Ежедневно на час-другой комиссар заходил в "Ла Каза Гранде", где старался оставаться незамеченным, чтобы никто, кроме персонала гостиницы, не понял, откуда он. В этот день он как раз занимался тем, что приводил в порядок результаты своих наблюдений, как вдруг дверь в комнату полицейских открылась, и на пороге предстал огромный силуэт Людовико Пампарато. Комиссар весьма заботился о своем престиже в глазах других и поэтому спросил как можно суше:
– Ведь вы могли и постучать, прежде чем войти?
– Только не тогда, когда попирают честь моей дочери!
– Что вы еще выдумываете?
Обличительным жестом повар указал на инспектора Кони.
– Вы бы лучше спросили этого бессовестного типа!
Между ними произошло объяснение. Комиссару пришлось заверить Пампарато в том, что его дочь просто-напросто неверно поняла инспектора, единственной целью которого было и остается разобраться в действительных причинах случившегося.
– И все же, синьор комиссар, это еще не повод для того, чтобы обращаться с единственной дочерью Пампарато как с самым последним ничтожеством!
– Кони, извинитесь перед синьором Пампарато!

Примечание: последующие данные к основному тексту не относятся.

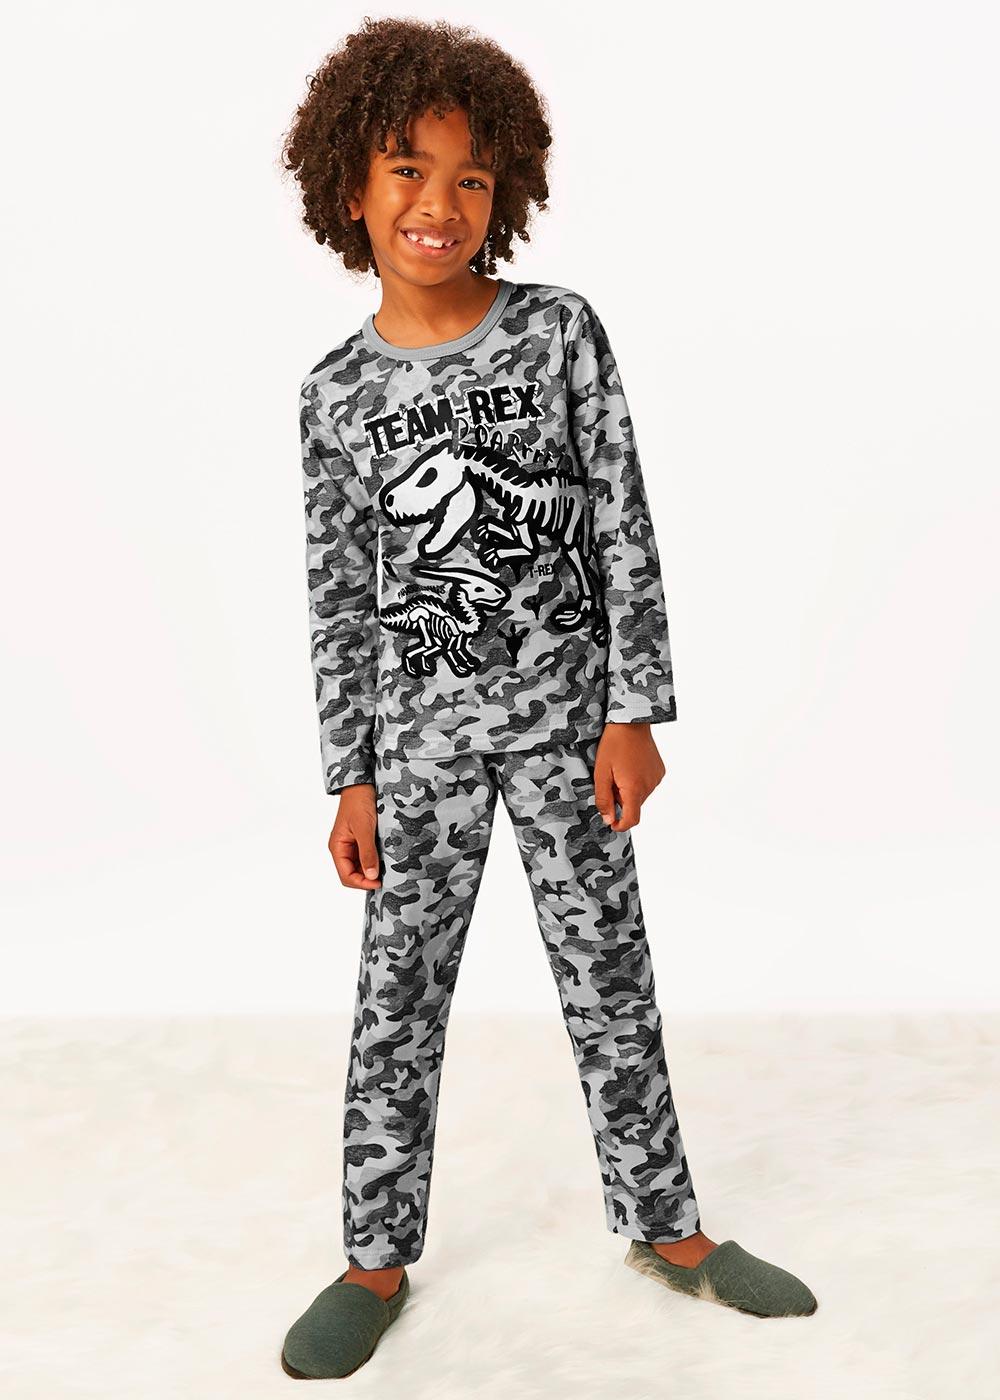 Pijama Infantil Masculino Inverno Cinza Team Rex - Malwee

Полицейскому не хотелось этого делать, но он понимал, что с Прицци лучше не ссориться. Таким образом, он извинился перед поваром, сказав, что речь идет о простом недоразумении.

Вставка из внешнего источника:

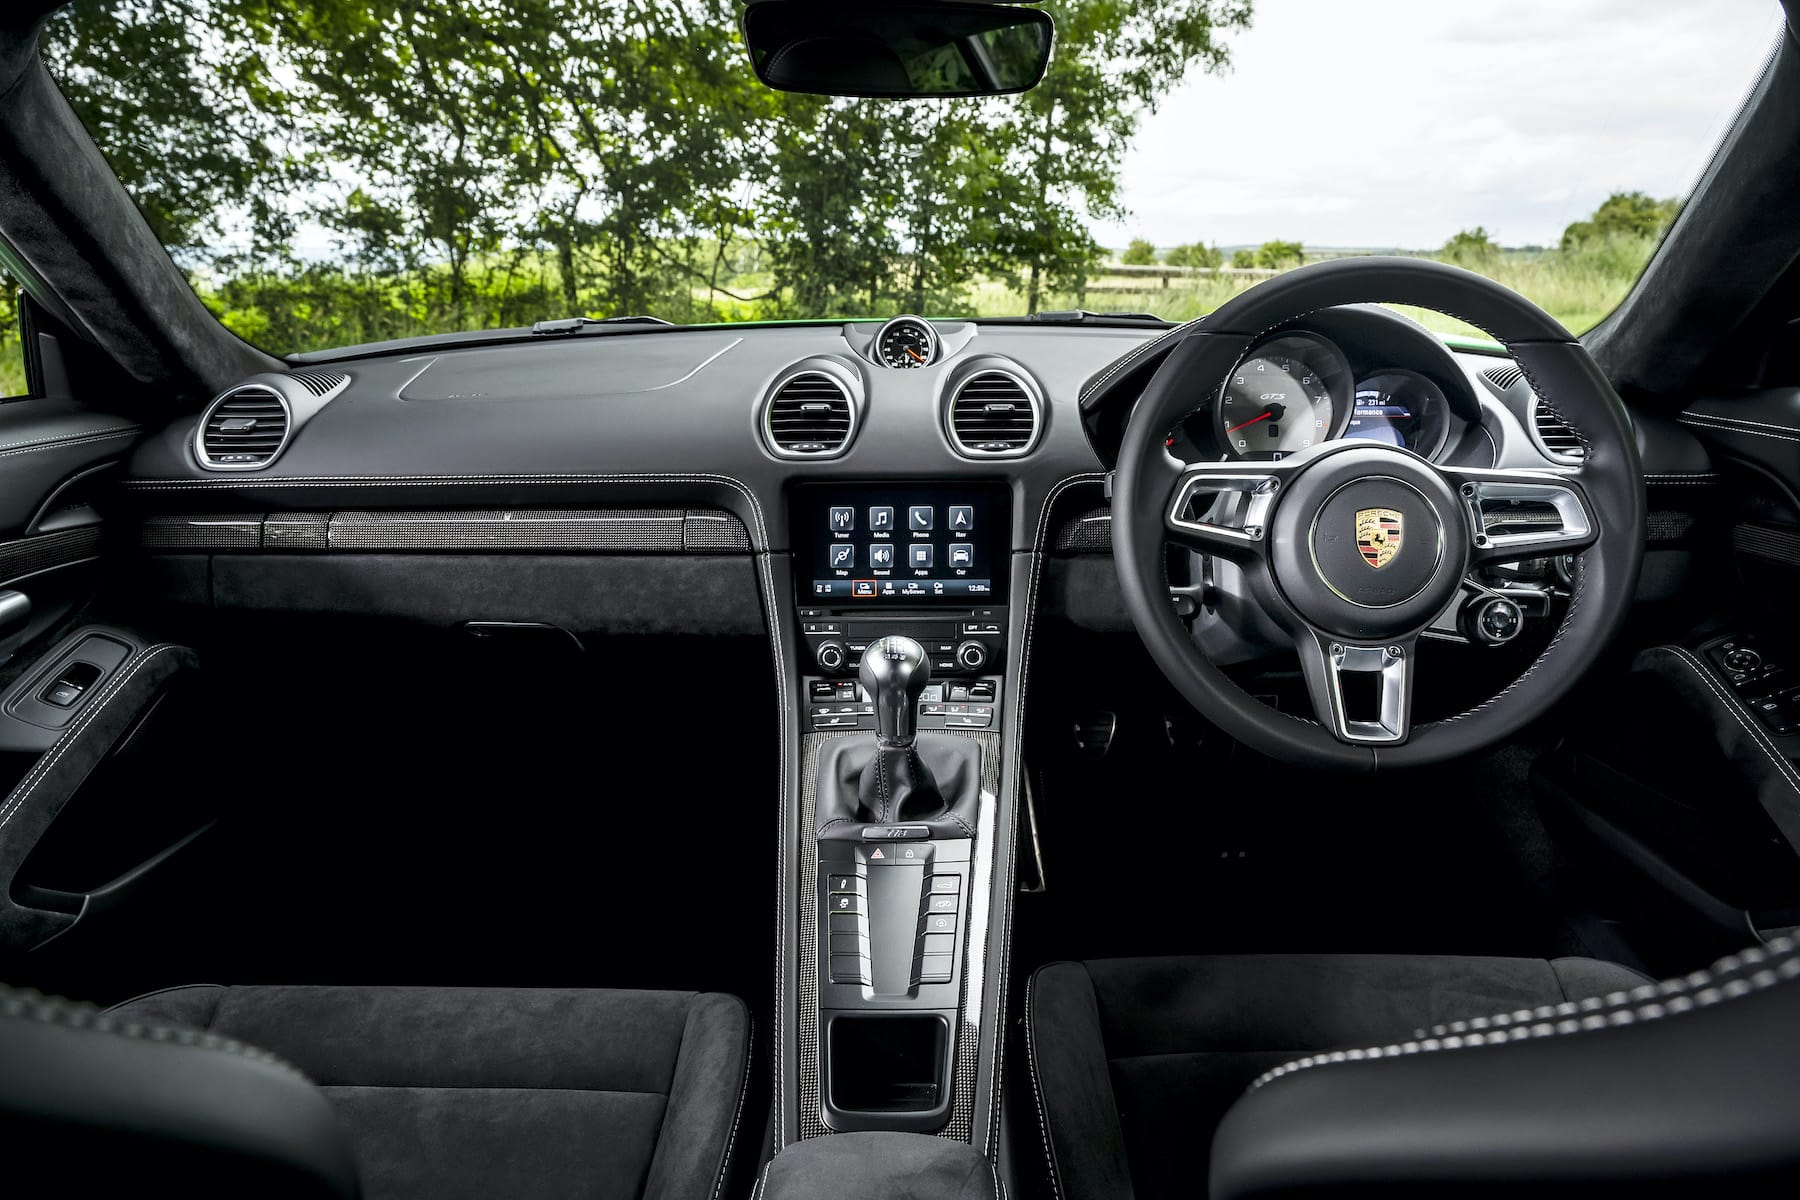 Porsche 718 Cayman GTS 4.0 (2016 onwards) - interior and dashboard

– Надеюсь, что это именно так, синьоры, иначе за ваши жизни я не дал бы и ломаного гроша!
И он вышел с осознанием чувства собственного превосходства.
– Кони, сколько раз я просил вас не проявлять ненужной инициативы?!
– Ма ке! Разве я не инспектор полиции?
– Да вы к тому же еще и кретин, Кони! Еще один такой поступок, и я обещаю, что в двадцать четыре часа вышибу вас из Сан-Ремо!
Отъезд Джозефины Пампарато стал печальным событием для персонала "Ла Каза Гранде", кроме донны Империи, не придававшей значения человеческим слабостям, и дона Паскуале, занятого собственными заботами настолько, что ему было не до чувств других.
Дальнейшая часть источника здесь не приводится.